Yersinia pestis life history Yersinia pestis is a causative agent of systemic invasive infection, often called plague. Yersinia pestis is a very lethal pathogen and may cause serious illness or death during infection unless antibiotics are administered. In the past, the plague caused a devastating epidemic in three modern history; the Chadianston plague spread to the Mediterranean from the Middle East in the 6th and 8th centuries killing about 25% of the population under the Alps. .
Plague is caused by plague infected by fleas. Fleas spread predominantly through rodent related fleas in rodents and other mammalian hosts. Normally, vampire flea acquires Yersinia pestis from infected rodents. Bacteria grow and accumulate, possibly blocking the digestive tract in the intestines of fleas. When an infected fleas leap into another mammal, preferably a rodent, it causes the bacteria to be transmitted to the new host by backflowing the condensed blood from the gastrointestinal obstruction 4. When an infected flea tries to eat humans it infects humans with plague and causes human plague in the form of plague or lung plague. Traditionally, human fleas rarely accumulate Yersinia pestis.
Plague is an acute infection caused by Yersinia pestis and is still prevalent in indigenous rodent populations in South America, North America, Africa, and Central Asia. In epidemic diseases, plague spreads to humans through ingestion of the Orient or India and human flea bites. The flea's main host is black urban mouse and brown sewer mice. Pest is also transmitted in the form of pneumonia.
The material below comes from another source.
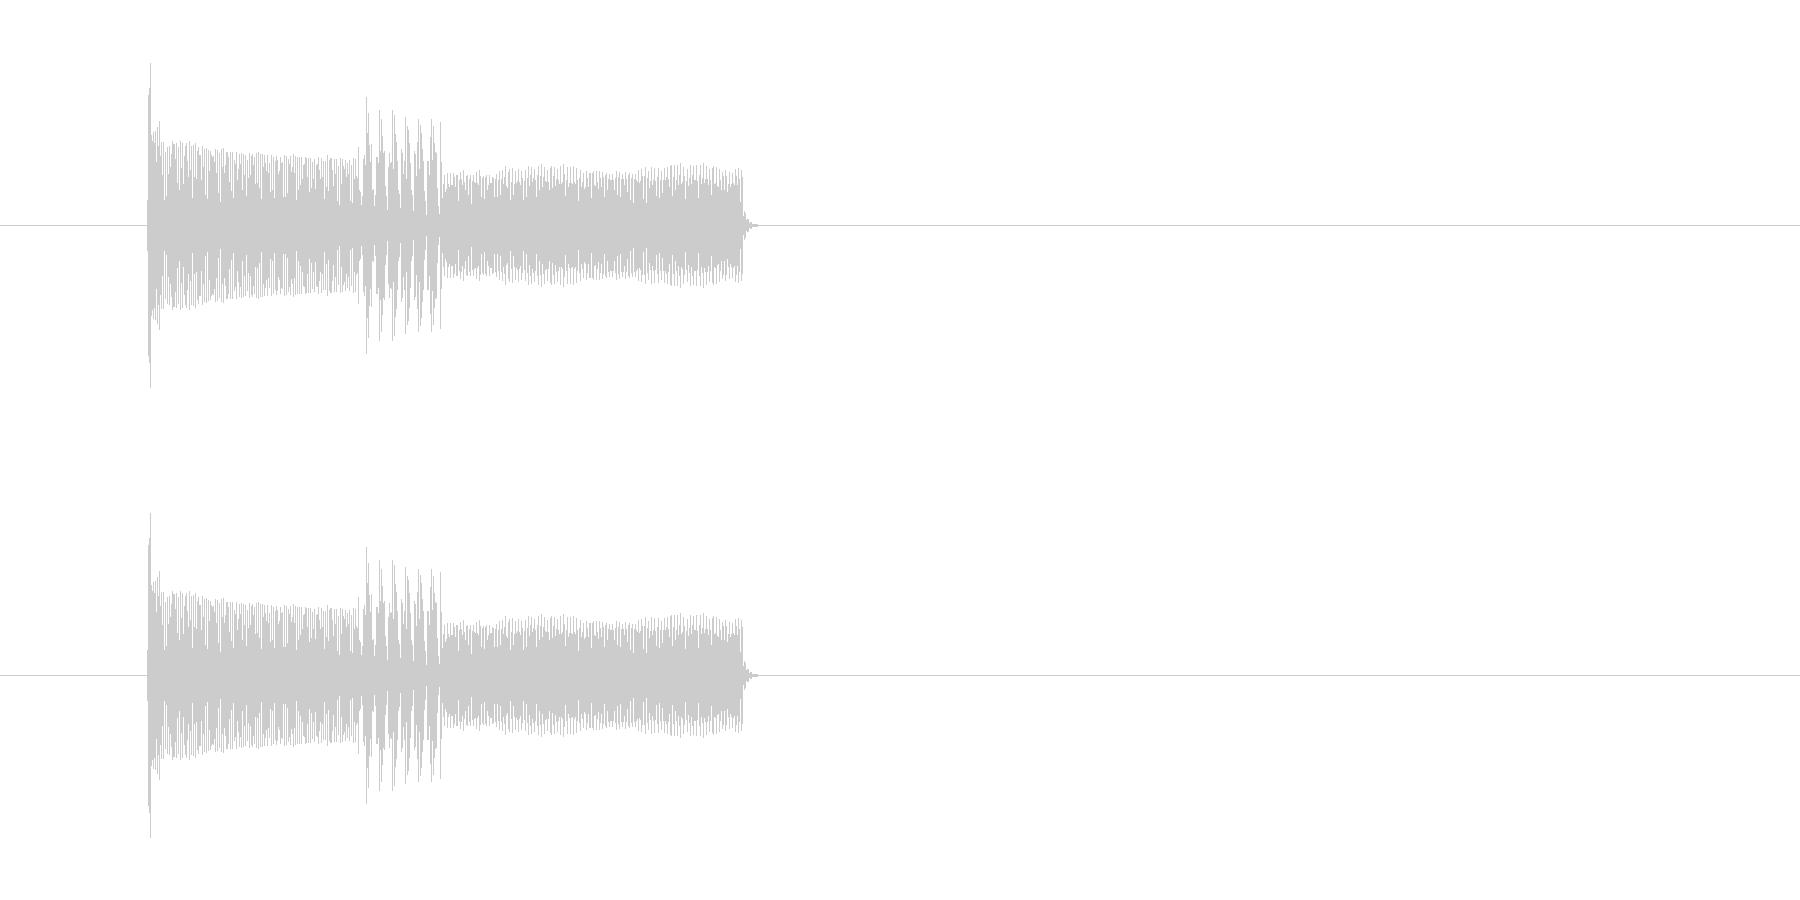 キャンセル音 ピコピコ 電子音の未再生の波形

Yersinia pestis is a highly pathogenic organism for humans and animals, and in the past, the death rate of antibiotics was very high. This epidemic is also important militarily and is listed as a Class A bioterrorist by the Centers for Disease Control and Prevention.
Oriental cockroaches (Xenopsylla cheopis) infected with Yersinia pestis are shown as dark matter in the intestines. The foregut of the flea is blocked by the Bacillus bacillus biofilm; when trying to eat a flea infected host, the plague returns to the wound and causes infection. In the Middle Ages, medical knowledge was stagnant. The most prestigious statement at the time was from the medical department of Paris, and according to the report of King French, he accused heaven. This report has become the first and most widely prevalent series of plague aimed at advising patients. Plague is caused by harsh air and is the most widely accepted theory. Today, this is called gas theory.